TEFM was originally identified based on sequence similarity to well-characterized transcription elongation factors. Subsequent analysis demonstrated that the knockdown of TEFM causes a decrease of promoter-distal mitochondrial transcripts, and affinity purification of TEFM also brings down POLRMT and a number of mitochondrial transcription factors. Analysis of deletion mutants indicated that TEFM interacts with the C-terminal catalytic region of POLRMT. The previously reported ability of TEFM to stimulate transcription elongation in vitro was relatively modest, with a mild increase in the length of transcripts on both ssDNA and dsDNA templates (13). The lack of a clear in vitro activity could indicate that additional factors were required for the stimulatory effect observed in vivo. Based on the observations presented here, we can rule out this explanation and conclude that TEFM is a factor that, on its own, can greatly stimulate POLRMT-dependent transcription. The reason for the discrepancy between the data presented here and the previous report may be trivial, as small changes in buffer conditions and purification strategies may have dramatic effects on protein activities in vitro. Another possible explanation for the stronger TEFM effects observed here could be the transcription system used. Whereas the previous analysis of TEFM was performed using a promoter-independent transcription system, we use the complete transcription system, including TFAM and TFB2M. As demonstrated here, TEFM interacts with POLRMT already at the promoter, and promoter-dependent transcription may therefore stimulate TEFM loading and enhance its effects on transcription elongation in vitro.

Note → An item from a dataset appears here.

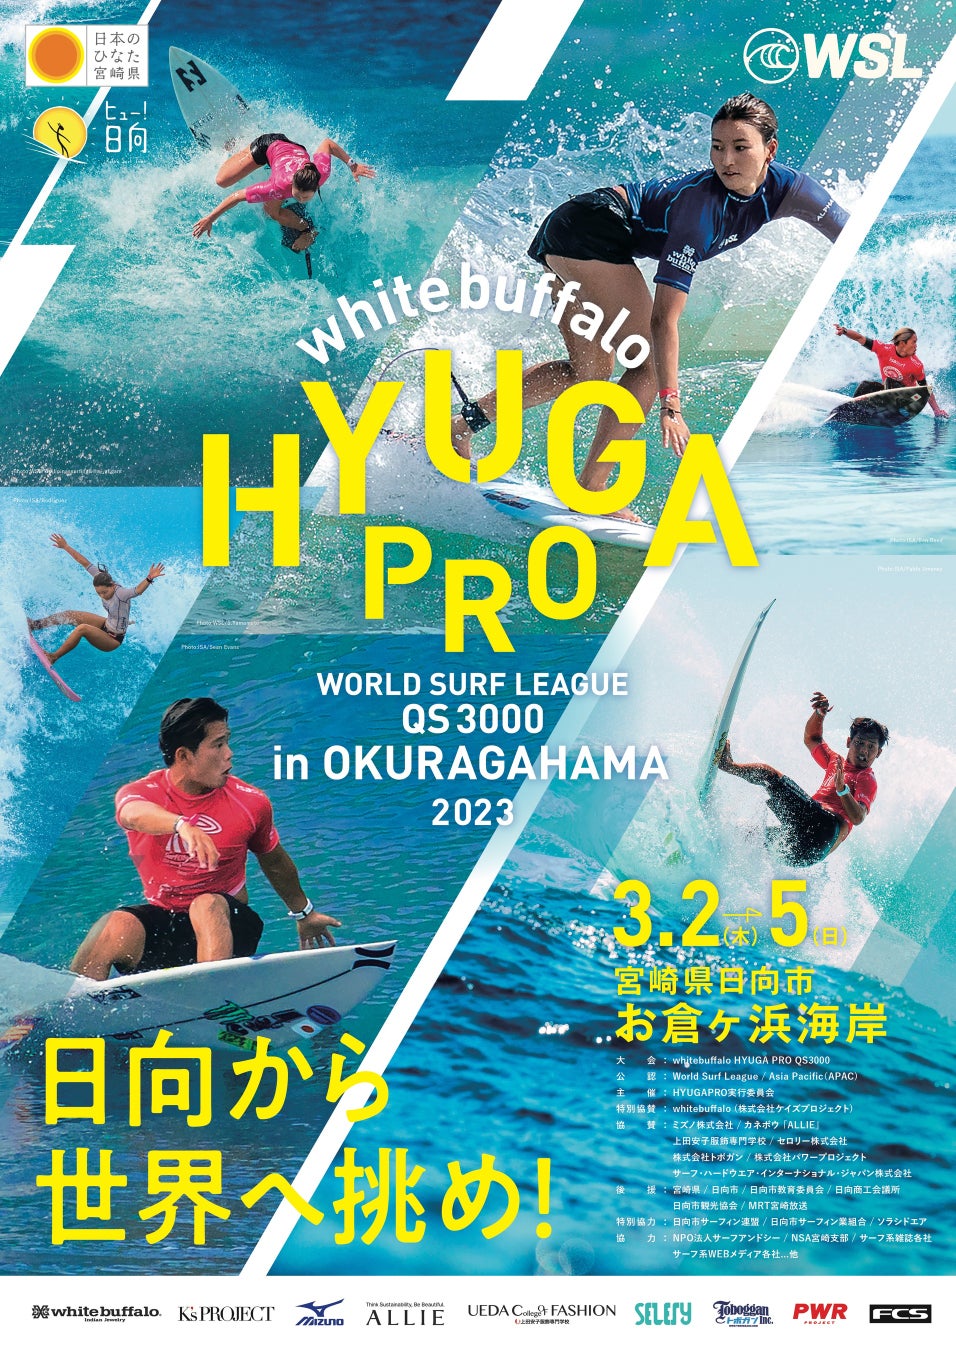 アジア最大級のサーフィン『whitebuffalo HYUGA PRO』大会が宮崎県日向市で開催決定!!

We find that TEFM has a strong stimulatory effect on POLRMT-dependent transcription in vitro and helps the polymerase to transcribe longer stretches of RNA, including regions encoding highly structured RNA (e.g. CSB II, which encodes a strong G-quadruplex-forming region). We also demonstrate that the bypassing of DNA lesions by POLRMT is increased after the addition of TEFM as pre-terminations at 8-Oxo-dG sites decrease in the presence of the elongation factor. This property of TEFM is shared with the nuclear RNAP II elongation factor TFIIS. Whether bypassing causes mutations in the RNA synthesized remains to be determined; however, the increased ability to transcribe past oxidative lesions is a clear advantage when transcribing almost the entire mitochondrial genome. Using MST, we demonstrate that TEFM interacts directly with POLRMT in the absence of other factors, such as DNA, RNA, and additional proteins. Furthermore, DNase I footprints indicate that TEFM can interact with POLRMT already during initiation of transcription. These observations may indicate that POLRMT and TEFM are engaged in a complex even when not involved in transcription, and it could thus even be debated whether TEFM is an elongation factor or rather a second subunit of the mitochondrial RNA-polymerase, much like the processivity factor POLγB, which forms a complex together with the catalytic subunit POLγA of the mitochondrial DNA-polymerase γ (1).

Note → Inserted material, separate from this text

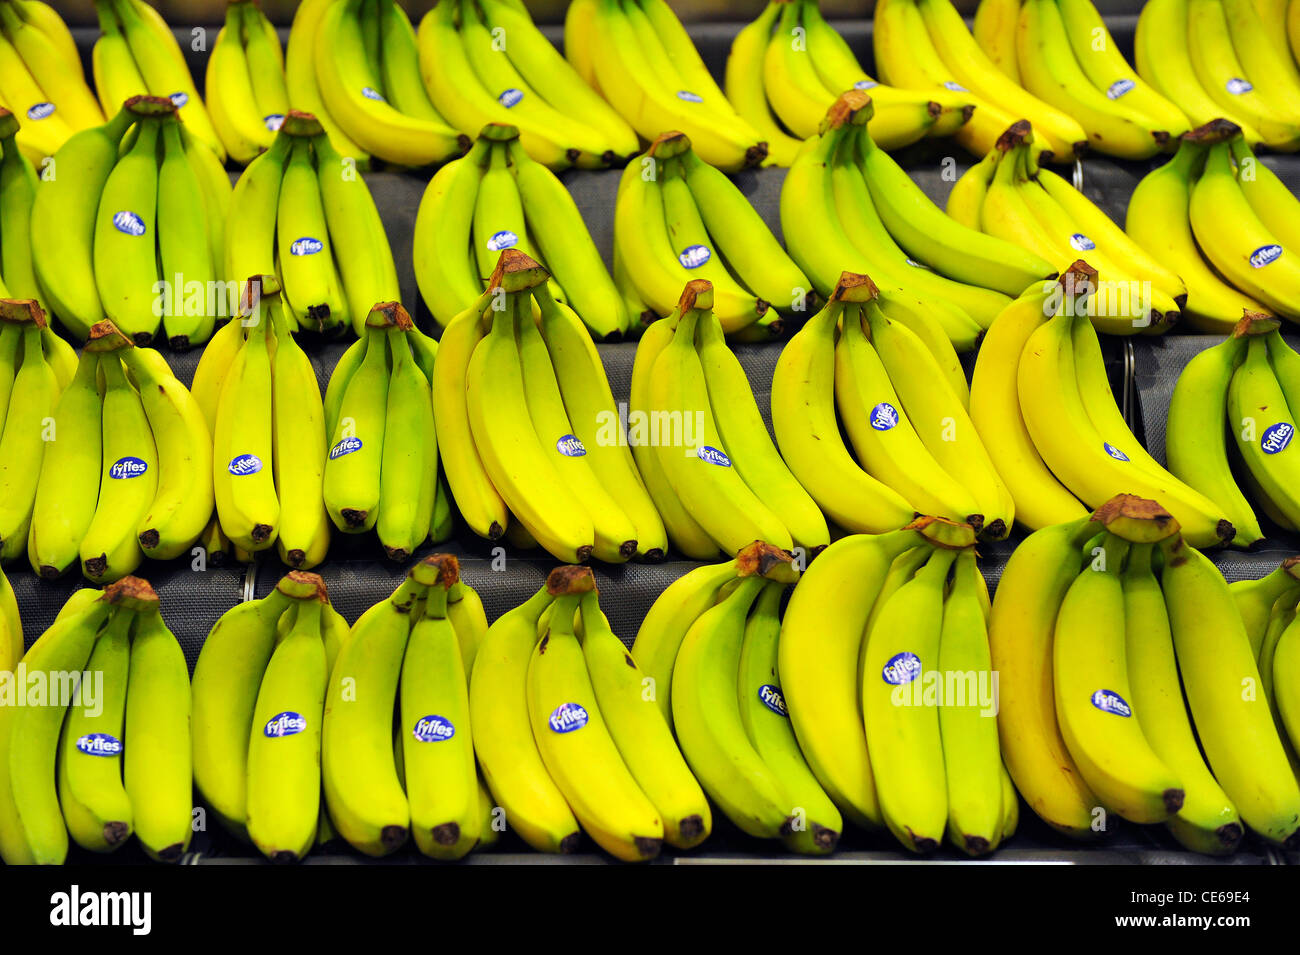 Vista ravvicinata delle banane gialle sul display in un supermercato. Foto Stock

We find that POLRMT pauses at multiple sites in a given DNA sequence, and that in the absence of TEFM, this leads to termination of transcription. TEFM stabilizes the transcription complex, as demonstrated by its ability to increase the affinity of paused POLRMT to an RNA-primed DNA template. This stabilizing effect in turn prevents premature transcription termination and instead favors full-length transcription. The template used to monitor TEFM's effects on elongating POLRMT has previously been used in next-nucleotide incorporation assays (21) and it is similar to an elongation scaffold. How the stabilizing effect of TEFM affects transcription termination, e.g. at the MTERF1 binding site and downstream of the OriL priming site (12,22), remains to be investigated.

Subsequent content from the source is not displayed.